The Yeo-Johnson power transformation is a Box-Cox style transform that can stabilise variance and make skewed numerical features look more Gaussian even when the data contain zeros or negative values.
Definition #
For an observation (y) and power parameter (\lambda), the Yeo-Johnson transform (T_\lambda(y)) is defined piecewise:
$$ T_\lambda(y)= \begin{cases} \dfrac{(y + 1)^\lambda - 1}{\lambda}, & y \ge 0,\ \lambda \ne 0,\\ \log(y + 1), & y \ge 0,\ \lambda = 0,\\ -\dfrac{(1 - y)^{2 - \lambda} - 1}{2 - \lambda}, & y < 0,\ \lambda \ne 2,\\ -\log(1 - y), & y < 0,\ \lambda = 2. \end{cases} $$
- When (\lambda = 1) the transform leaves the data unchanged.
- Positive observations are treated like a Box-Cox transform on (y + 1).
- Negative observations are reflected around zero, allowing the method to cope with sign changes.
- The inverse transform is defined by solving the same cases for (y); SciPy provides it via
scipy.stats.yeojohnson_inverse.
The parameter (\lambda) is usually estimated by maximising the log-likelihood of the transformed data under a normal model. SciPy exposes the maximum-likelihood estimate through yeojohnson_normmax.
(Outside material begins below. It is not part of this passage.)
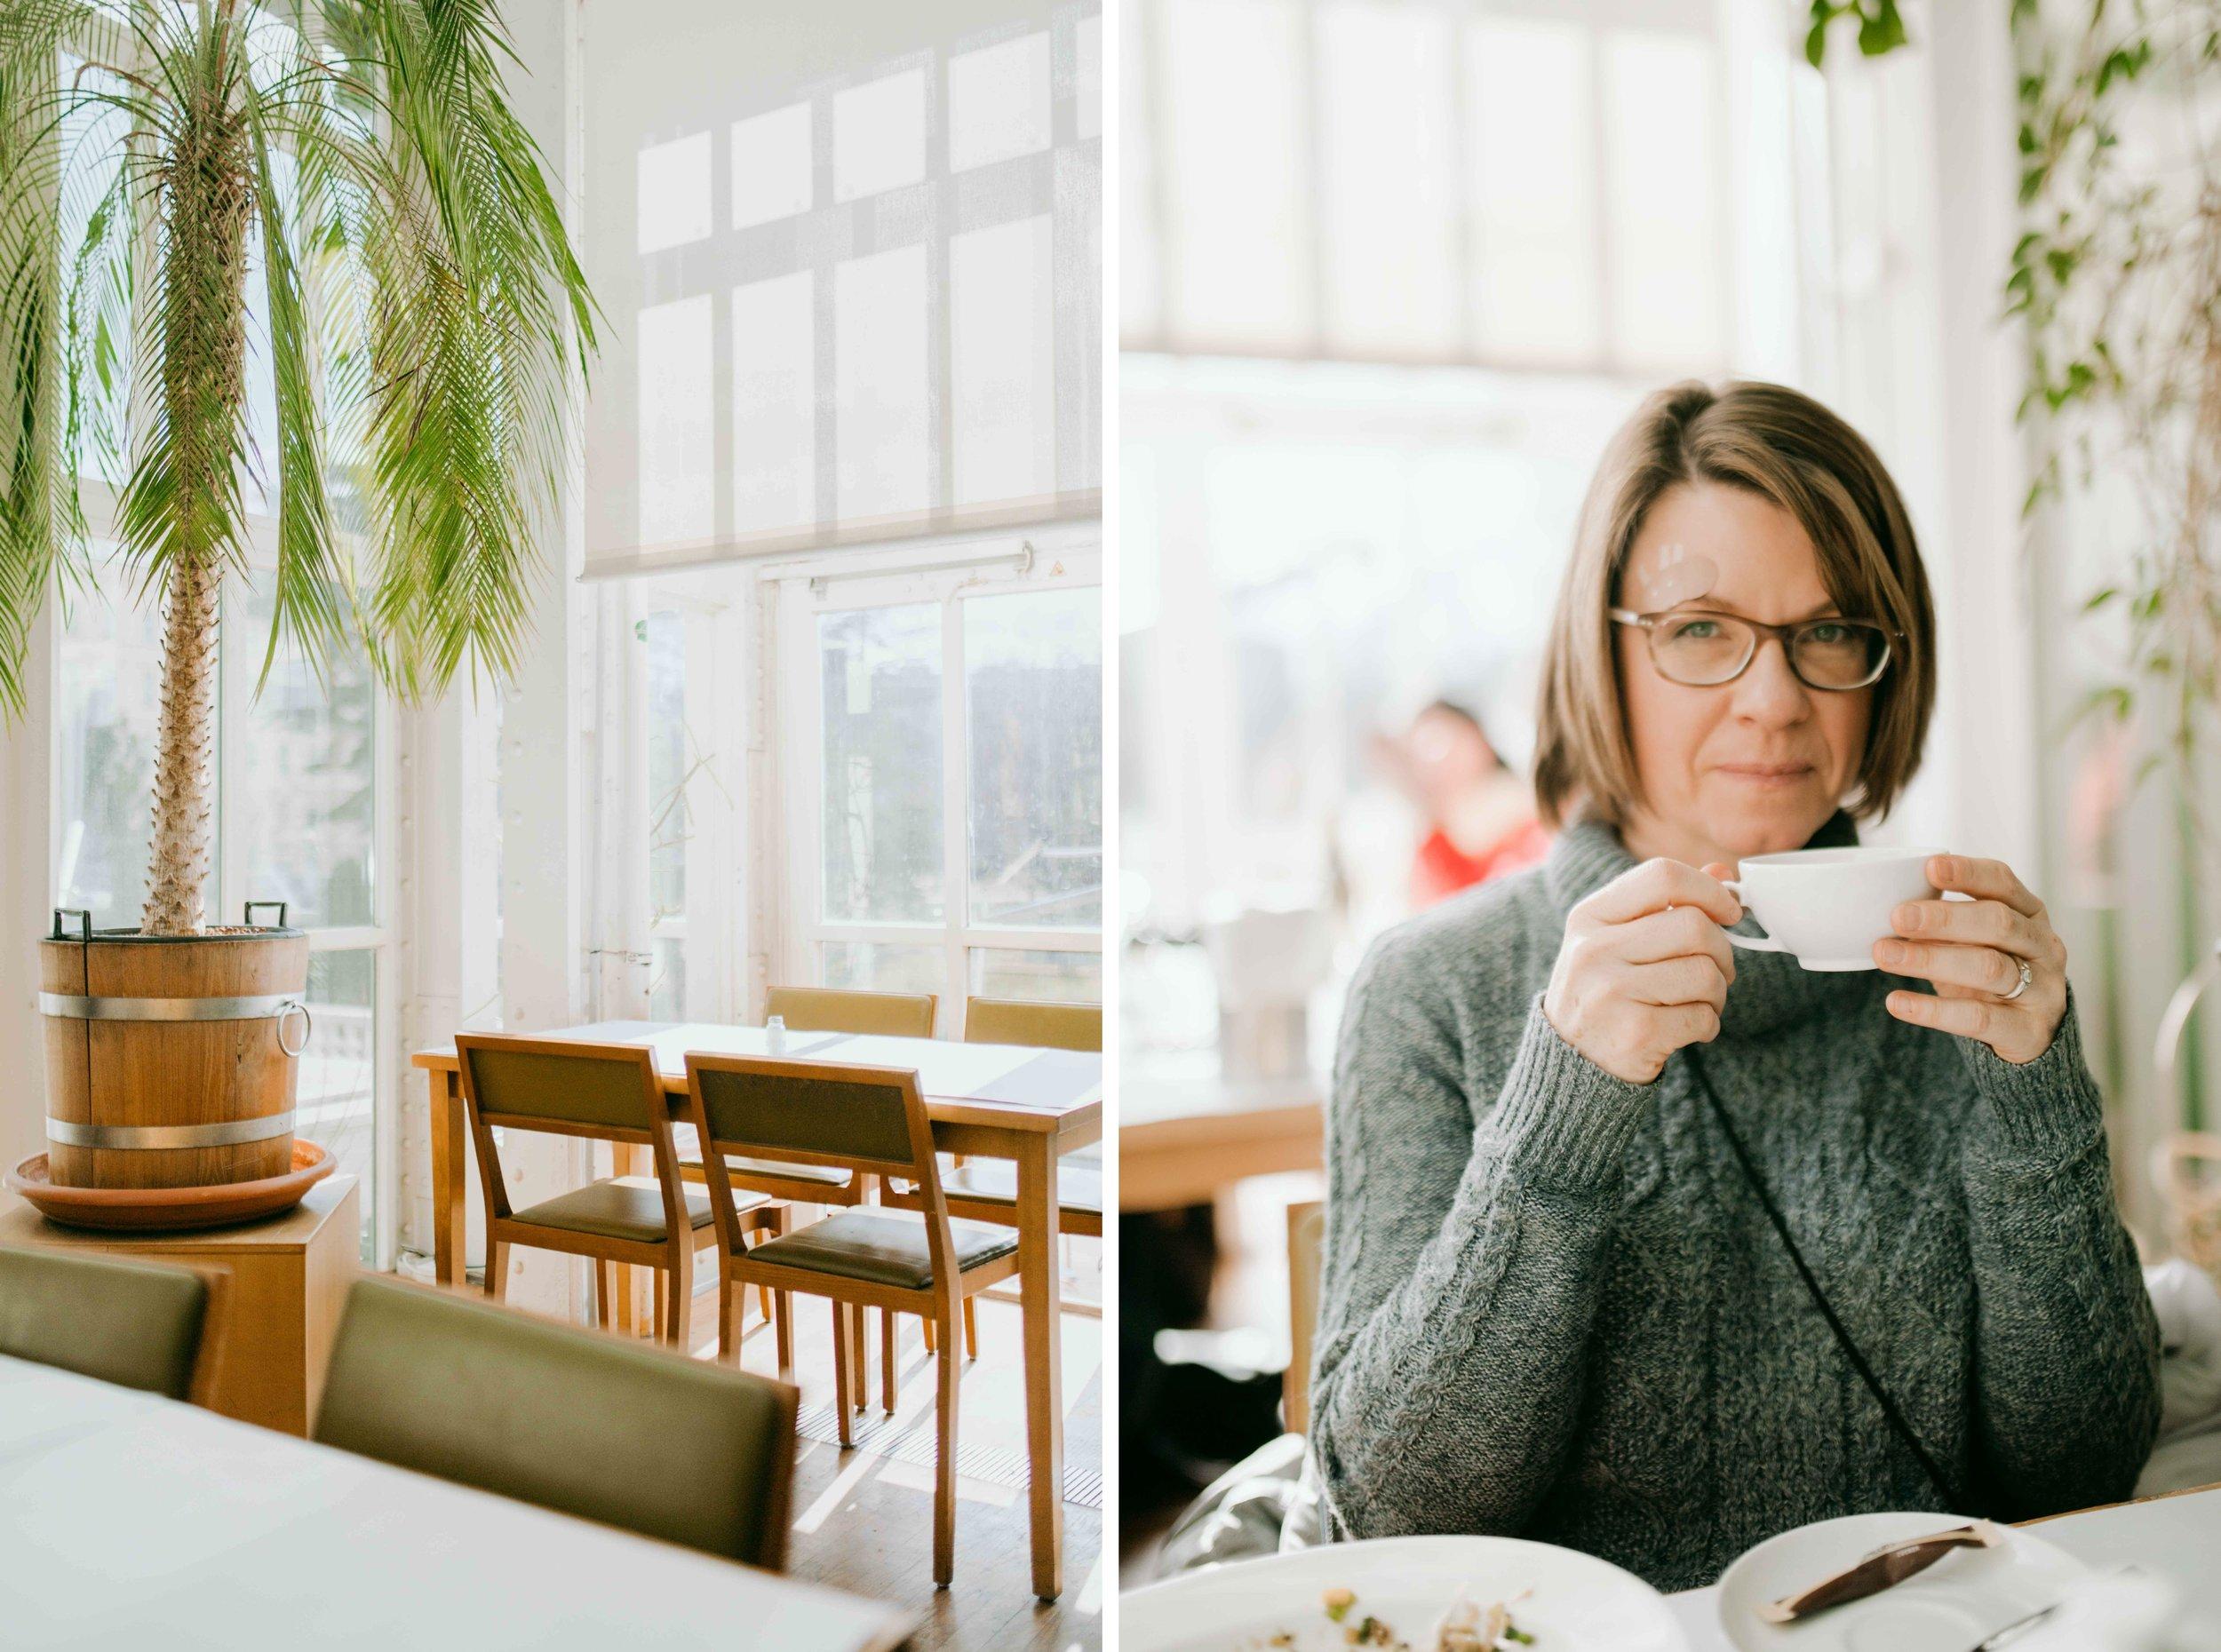 Vienna 2018 Ellen Hansen Photographer Diptych1.jpg

I. Yeo and R.A. Johnson, “A New Family of Power Transformations to Improve Normality or Symmetry”, Biometrika 87(4), 2000.
Worked example #
from scipy import stats
import matplotlib.pyplot as plt
x = stats.loggamma.rvs(1, size=1_000) - 0.5
plt.hist(x, bins=30)
plt.axvline(x=0, color="r")
plt.title("Original distribution with negatives")
plt.show()
from scipy.stats import yeojohnson, yeojohnson_normmax
lmbda = yeojohnson_normmax(x) # maximum-likelihood estimate of λ
print(f"Estimated λ: {lmbda:.3f}")
x_trans = yeojohnson(x, lmbda=lmbda)
plt.hist(x_trans, bins=30)
plt.title("After Yeo-Johnson")
plt.show()
The histogram after transformation is much closer to symmetric. Because we explicitly pass lmbda, we can reuse the same parameter for validation or test data:
X_train_trans = yeojohnson(X_train, lmbda=lmbda)
X_valid_trans = yeojohnson(X_valid, lmbda=lmbda) # reuse training λ
Practical tips #
- Standardise features after the power transform if your model expects zero mean and unit variance.
- Apply the transformation parameters learned on the training split to every other split to avoid data leakage.
- When heavy tails remain, compare Yeo-Johnson with robust scalers such as
RobustScaler; combining them often works well.
This transformation is a drop-in replacement for Box-Cox in preprocessing pipelines that cannot assume strictly positive data.